TASK REQUIREMENTS:
Every line of the material below should be output exactly as written, with the images skipped.

DATA:
--- --- ---
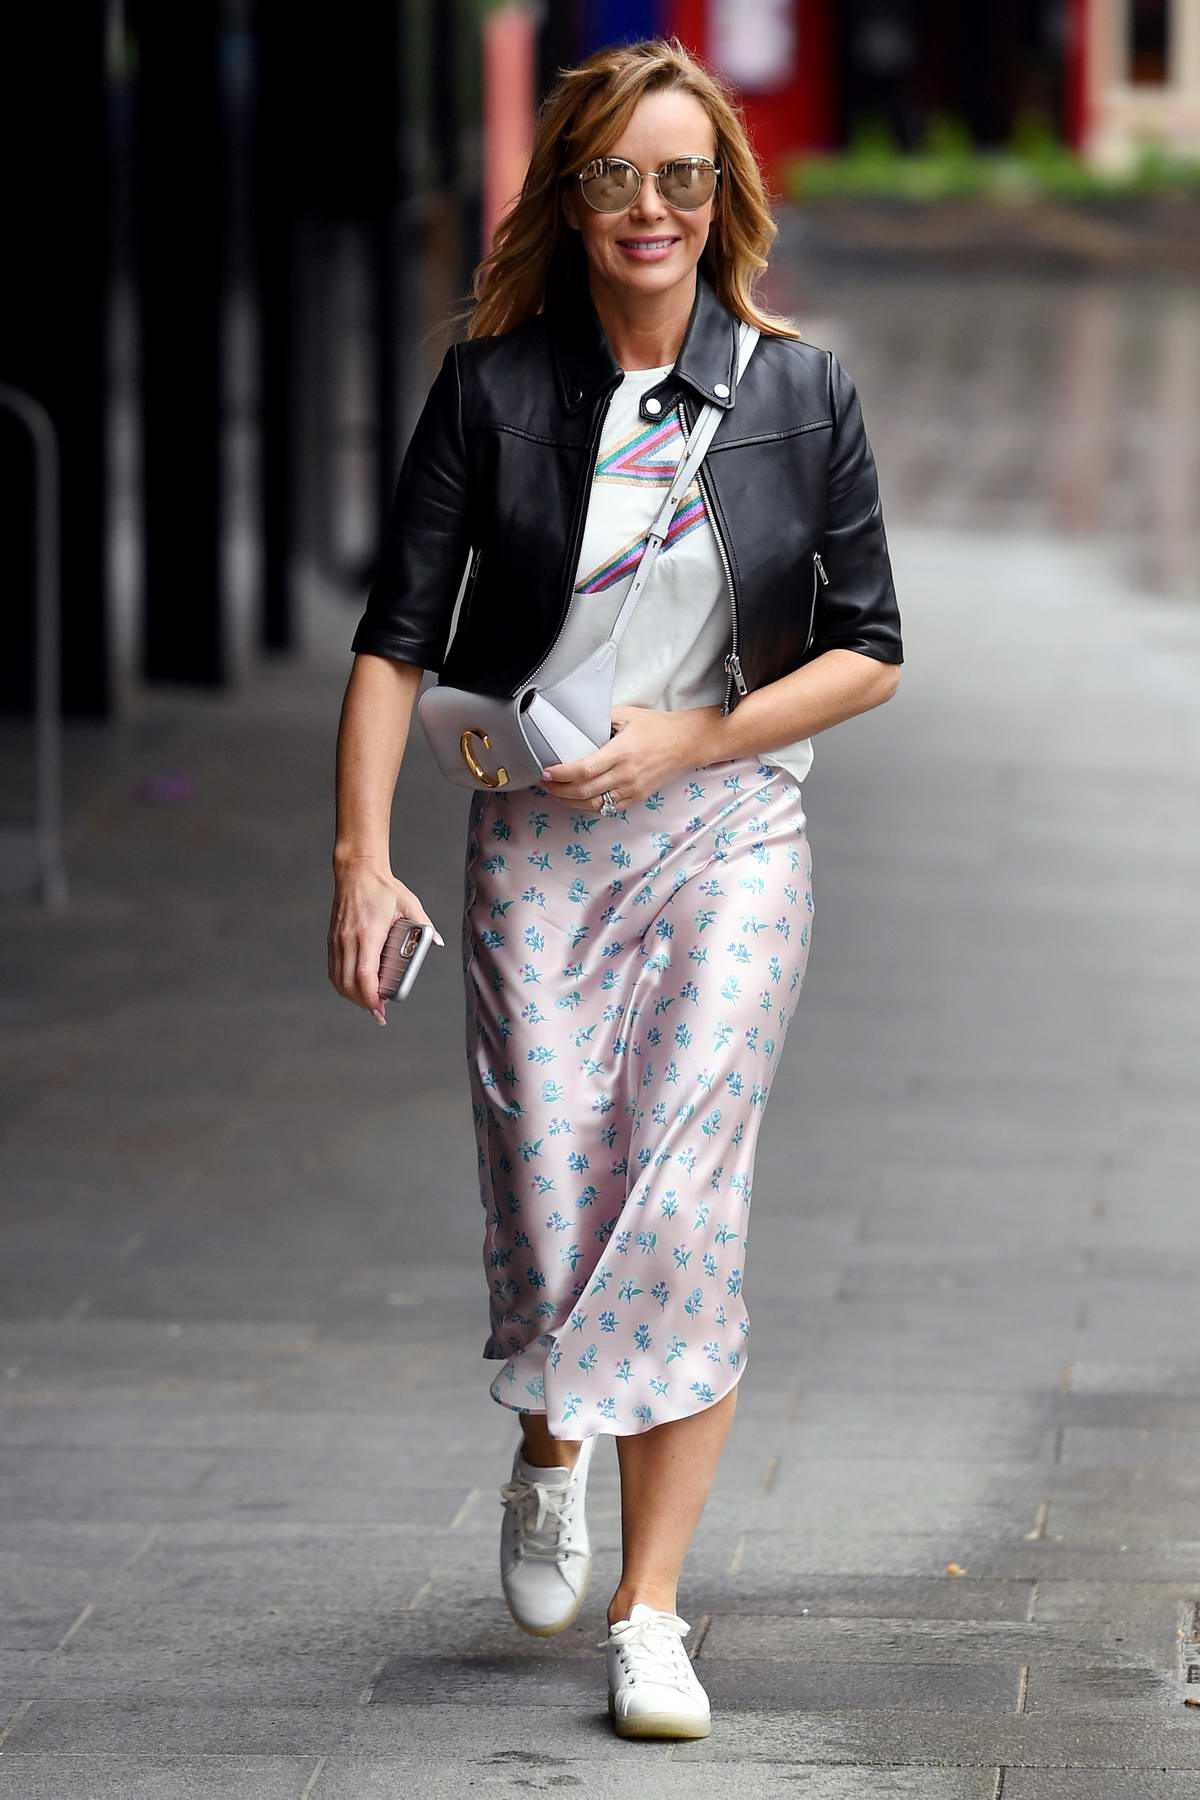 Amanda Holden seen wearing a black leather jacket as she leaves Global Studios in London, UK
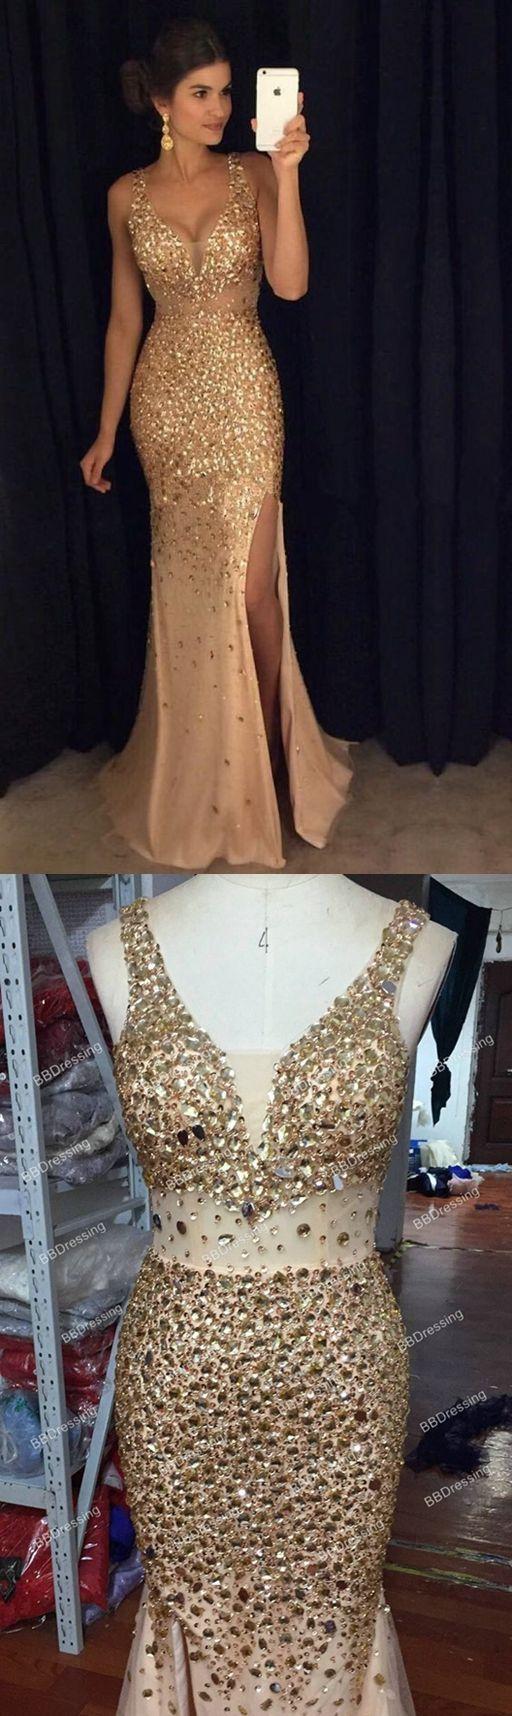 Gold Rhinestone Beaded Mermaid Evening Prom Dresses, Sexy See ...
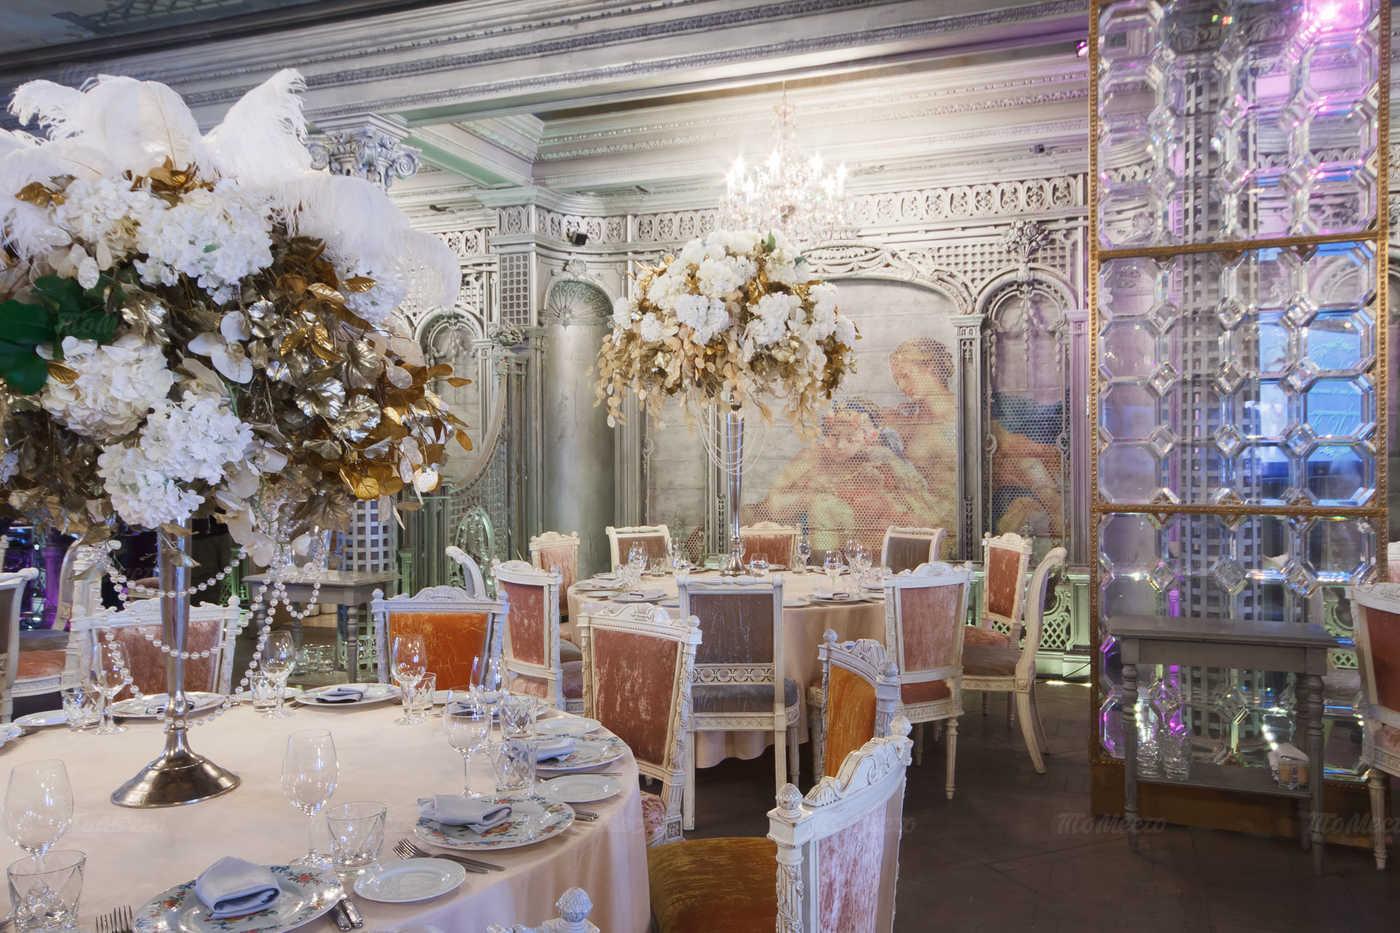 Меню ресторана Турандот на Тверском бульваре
--- --- ---
YOUR SOLUTION:
 Amanda Holden seen wearing a black leather jacket as she leaves Global Studios in London, UK
 Gold Rhinestone Beaded Mermaid Evening Prom Dresses, Sexy See ...
 Меню ресторана Турандот на Тверском бульваре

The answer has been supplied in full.